MATERIAL PROVIDED:
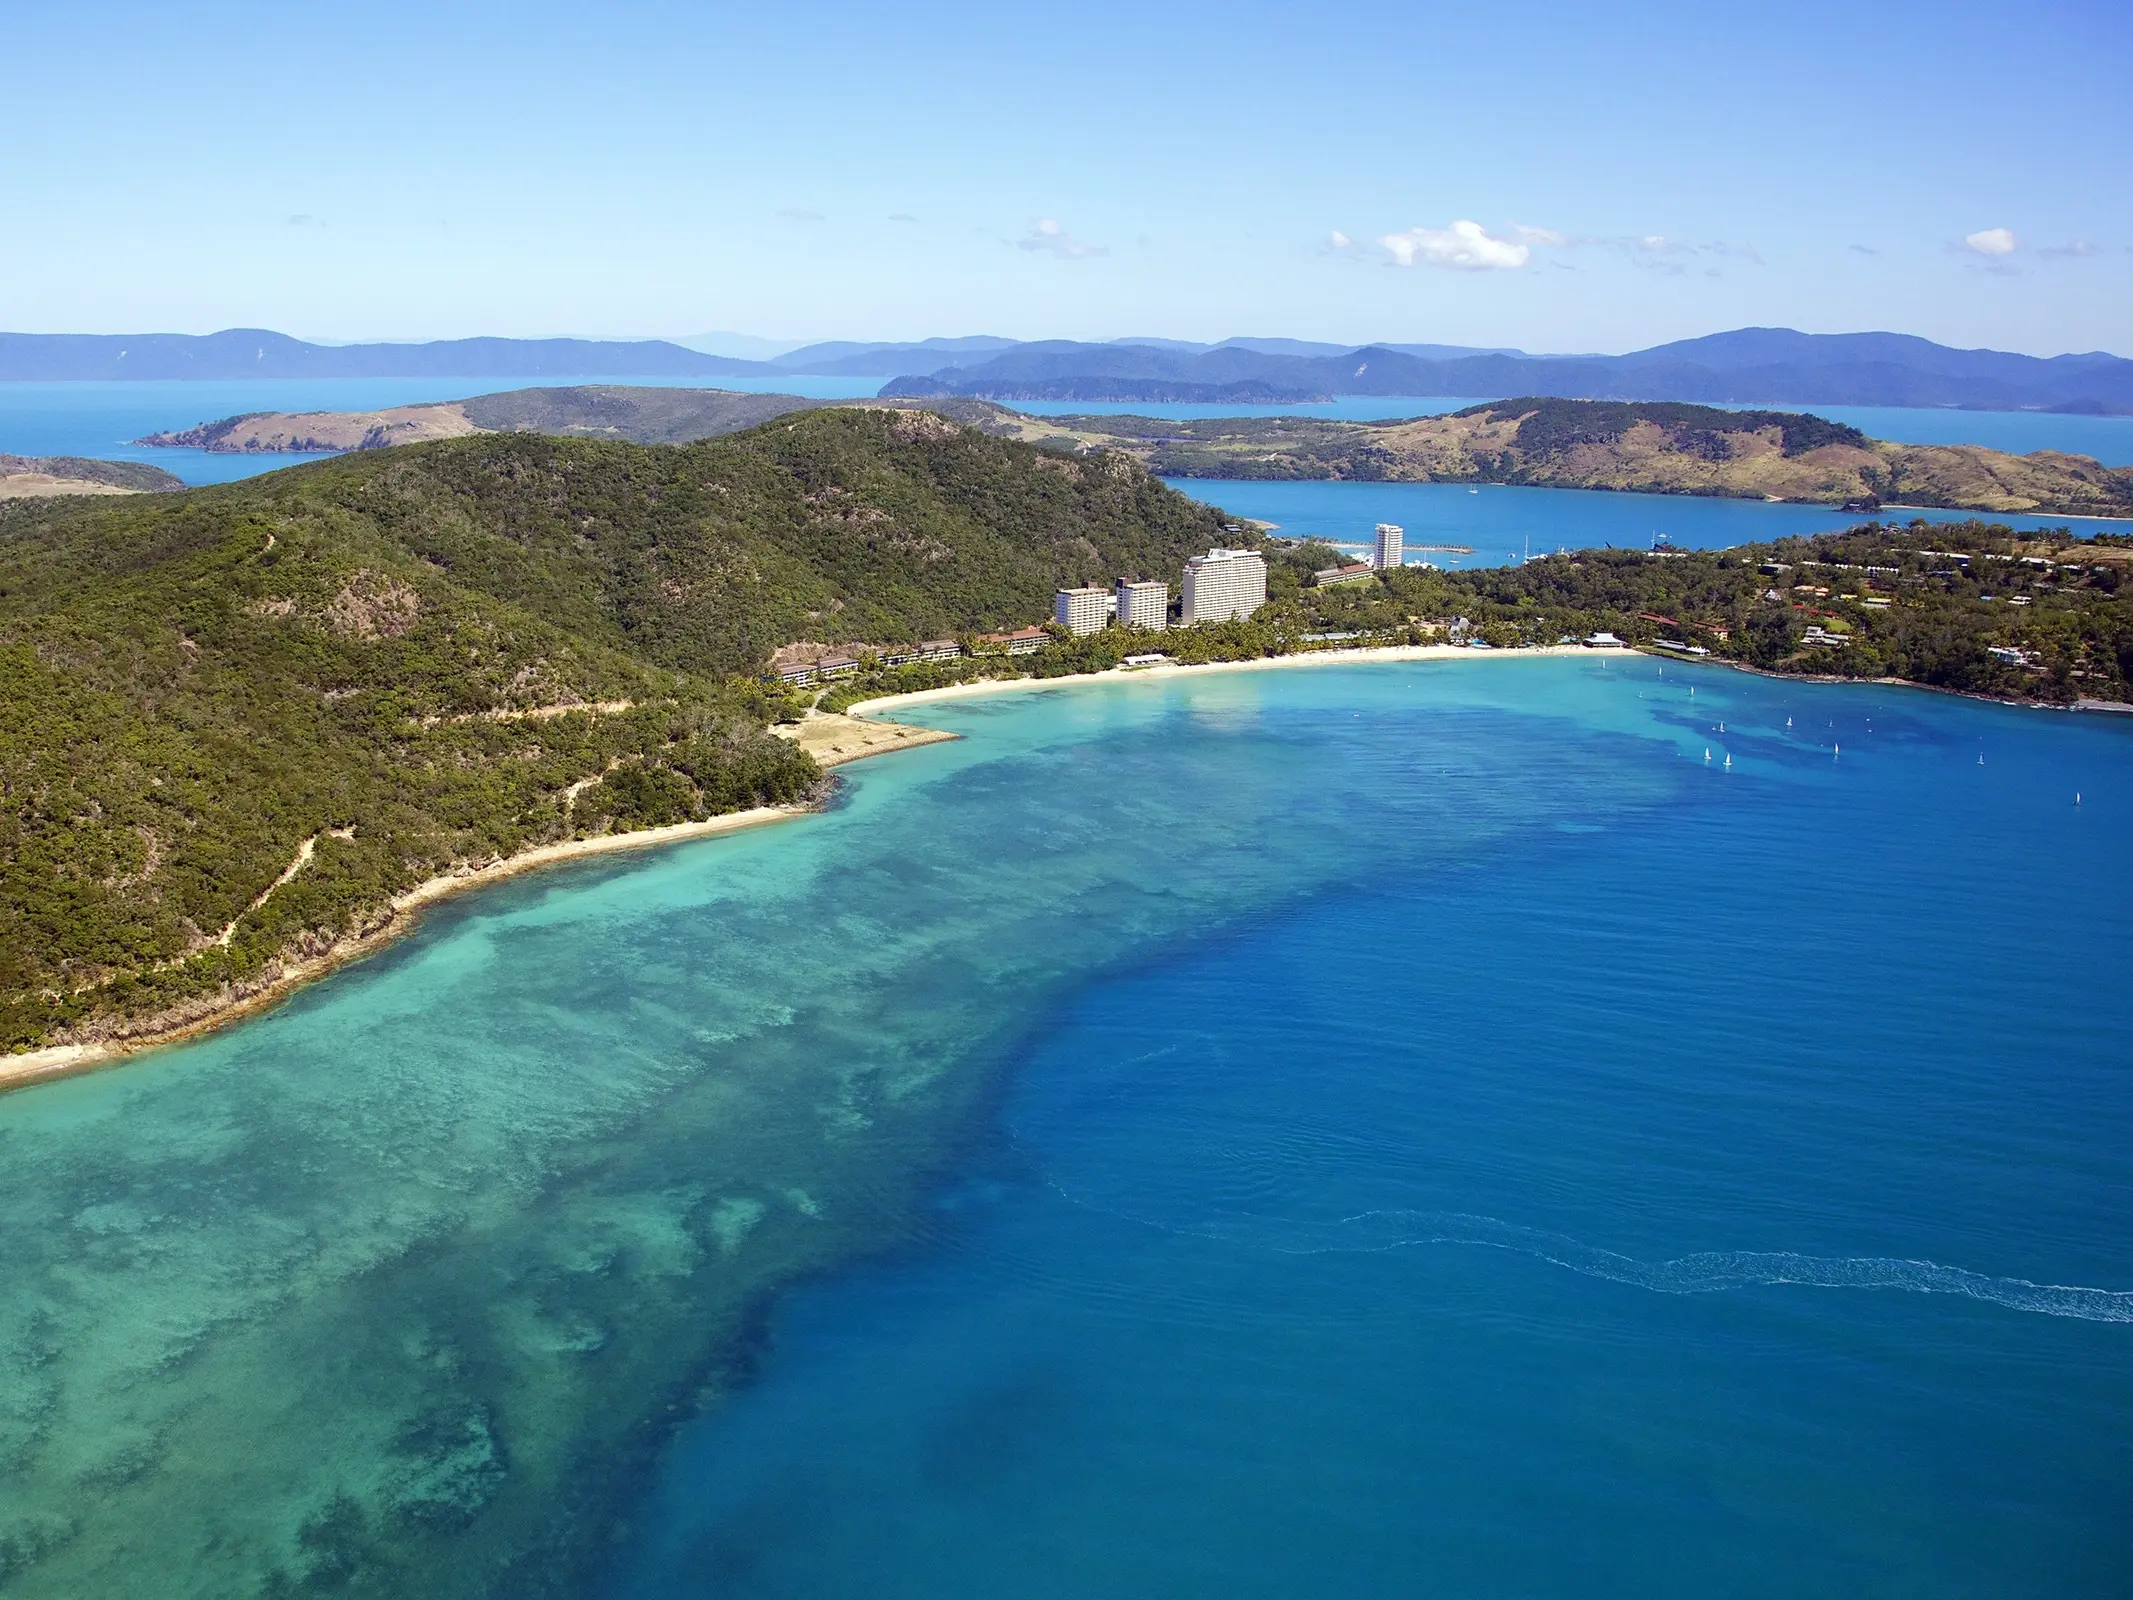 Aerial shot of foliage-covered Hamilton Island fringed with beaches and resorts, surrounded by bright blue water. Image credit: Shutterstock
...
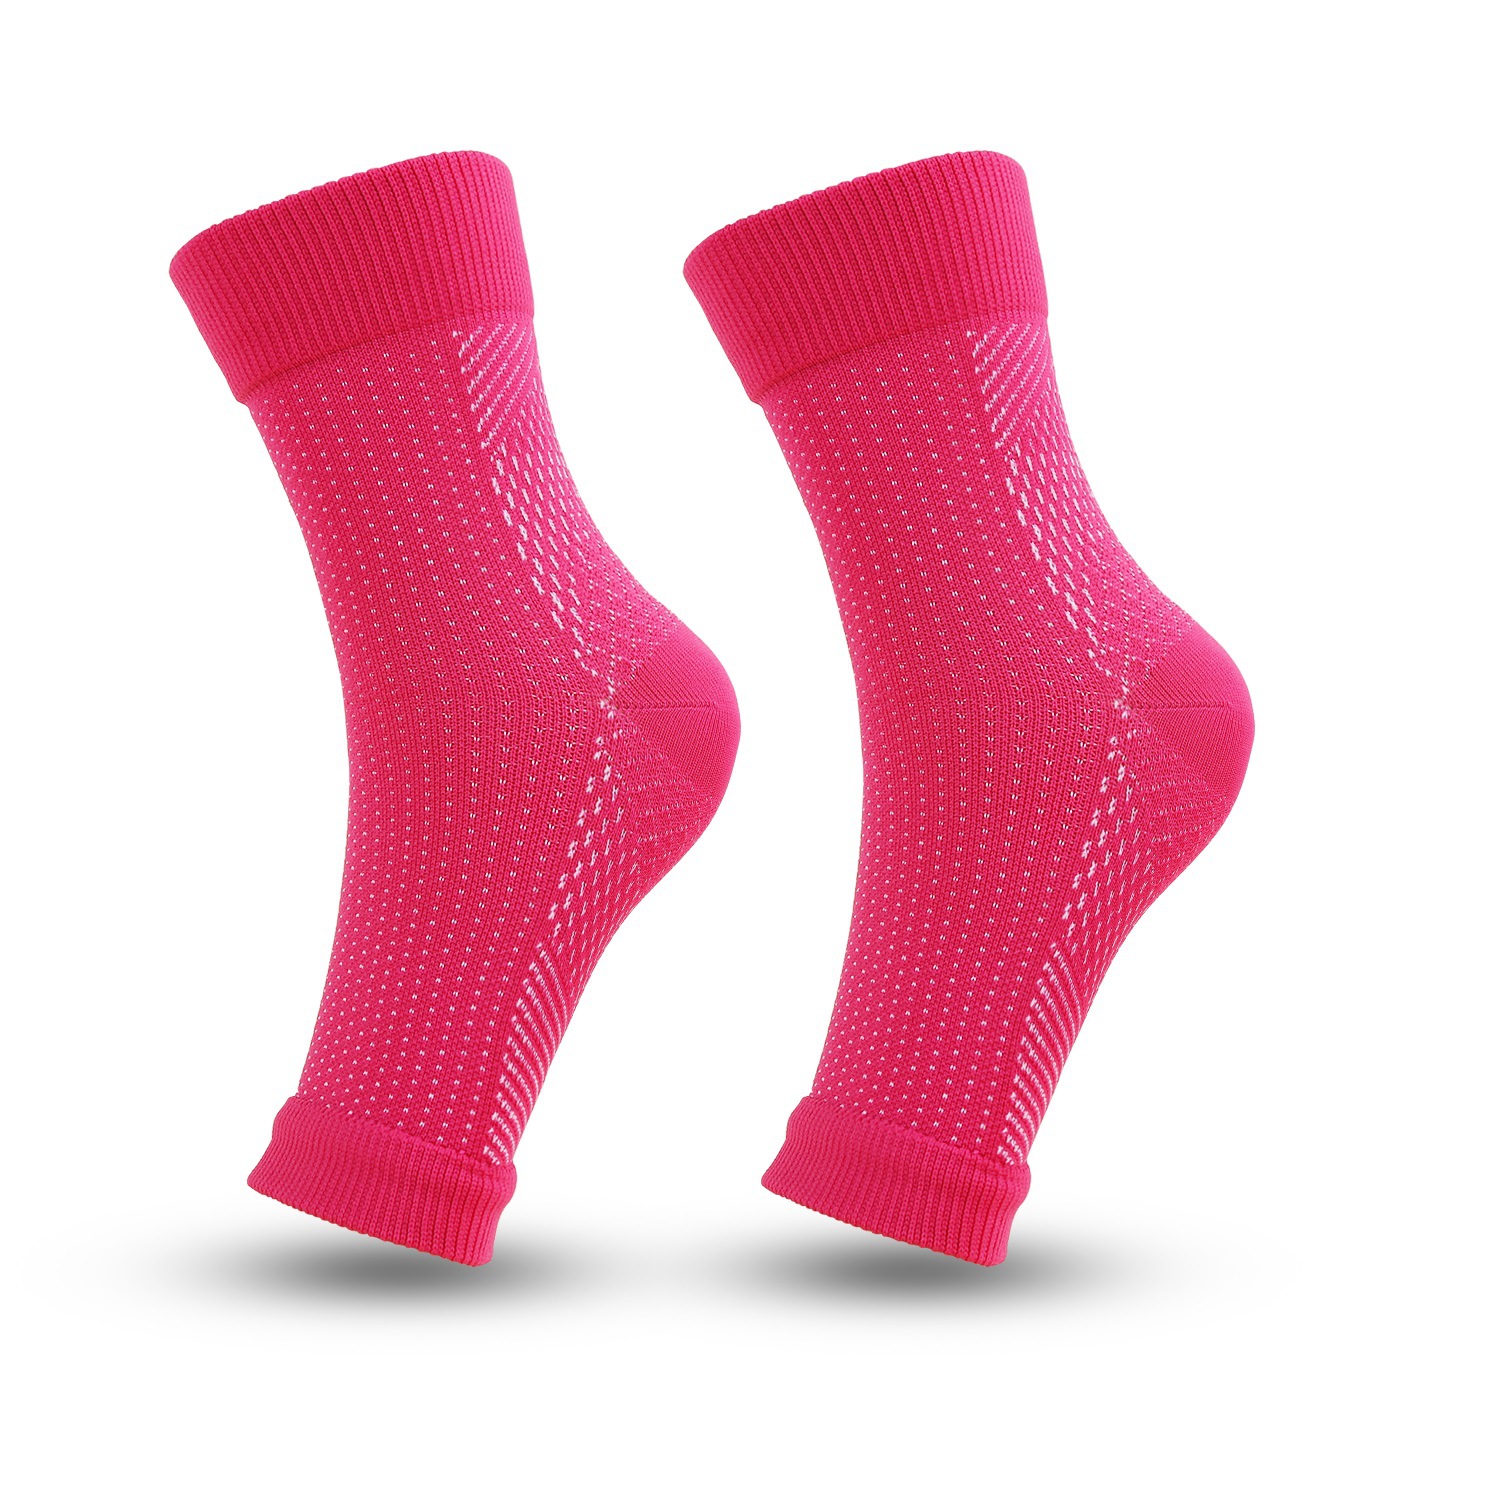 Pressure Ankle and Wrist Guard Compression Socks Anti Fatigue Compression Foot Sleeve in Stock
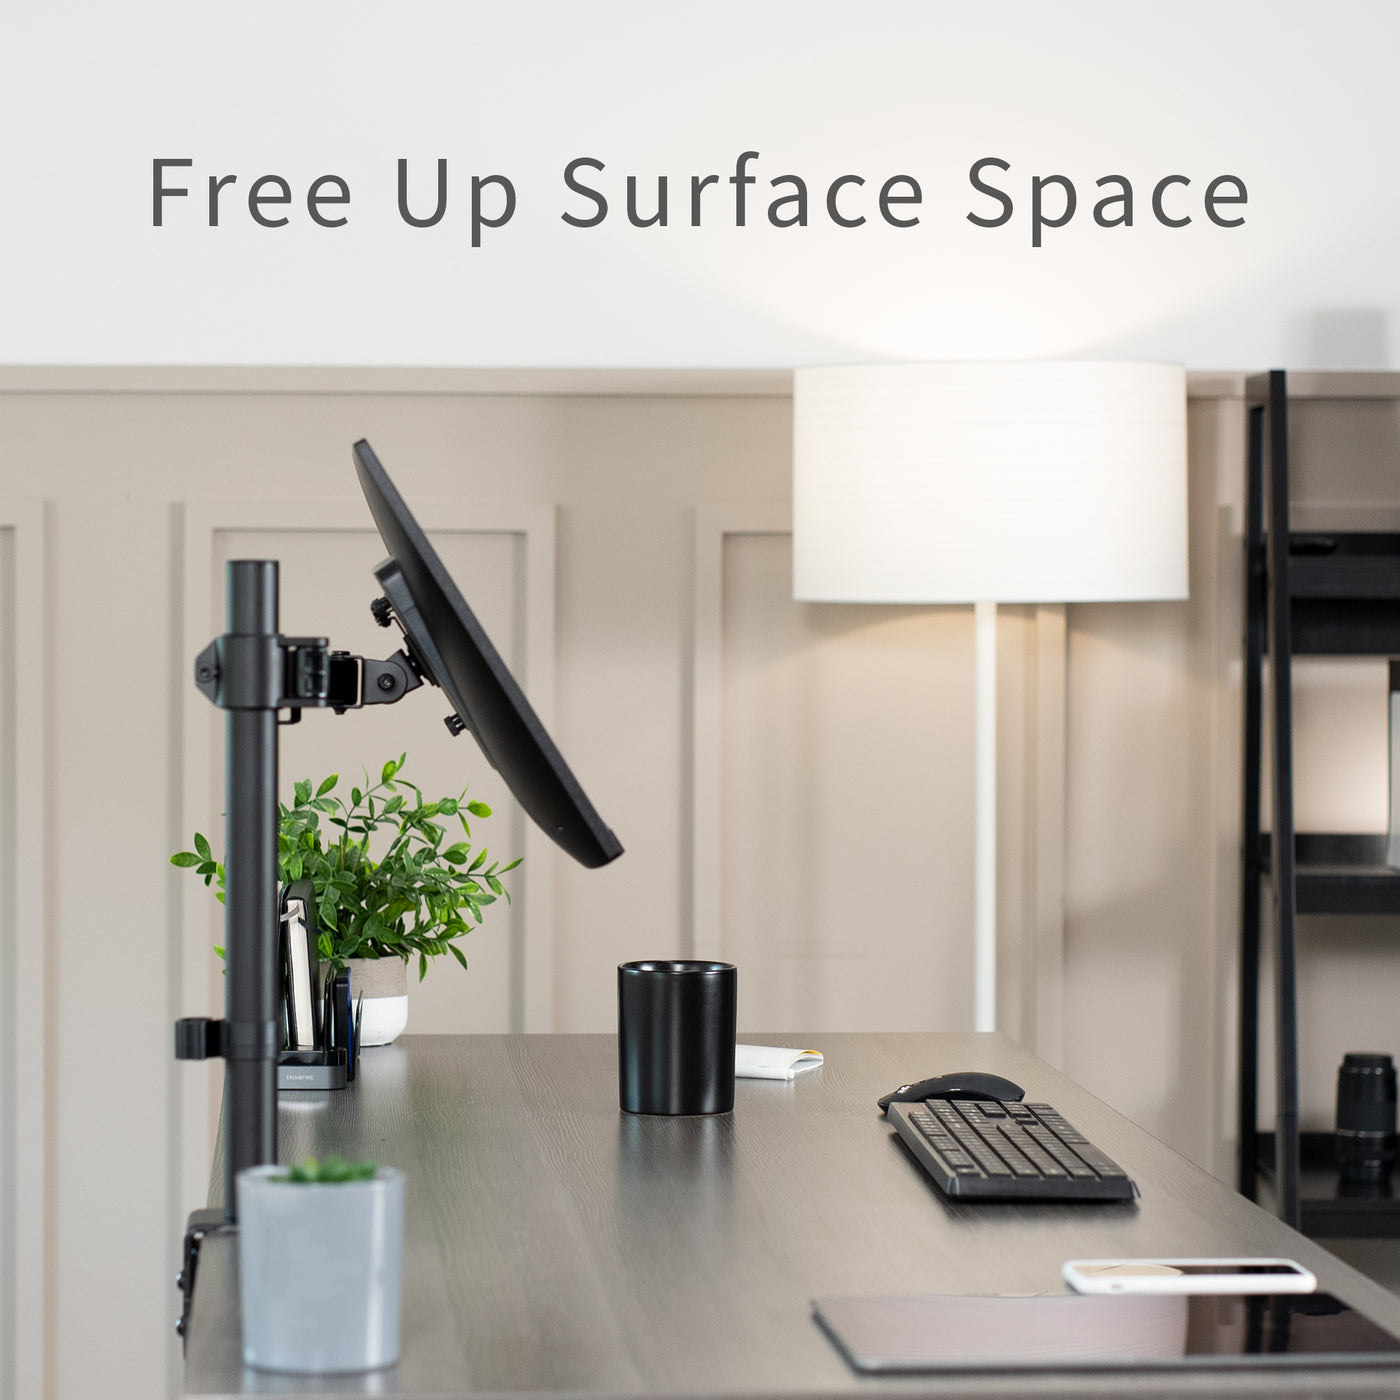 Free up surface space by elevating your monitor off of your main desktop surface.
==
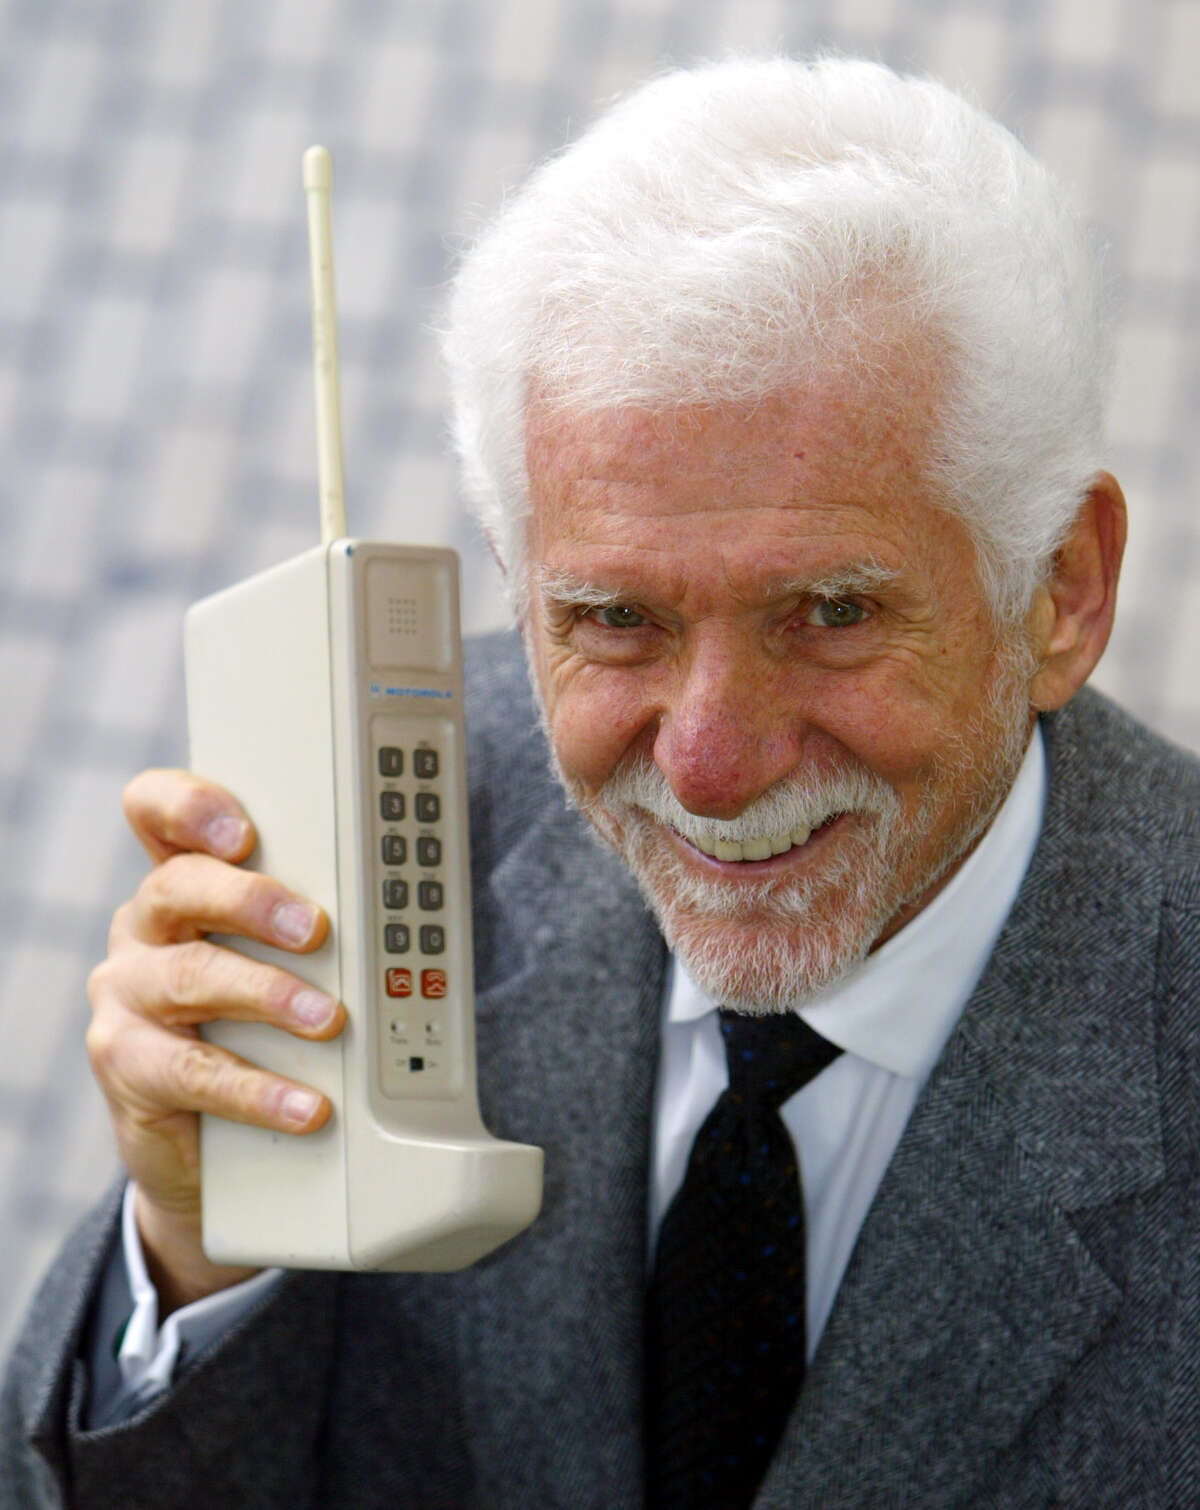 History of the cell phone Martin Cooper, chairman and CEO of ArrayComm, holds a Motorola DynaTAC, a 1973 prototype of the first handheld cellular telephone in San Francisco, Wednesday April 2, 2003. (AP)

WHAT TO PRODUCE:
Taking the records above, print only and exactly the lines from the line with "Pressure Ankle and" to the line with "Free up surface", both kept, and exclude pictures.

REPLY TO THE TASK:
 Pressure Ankle and Wrist Guard Compression Socks Anti Fatigue Compression Foot Sleeve in Stock
 Free up surface space by elevating your monitor off of your main desktop surface.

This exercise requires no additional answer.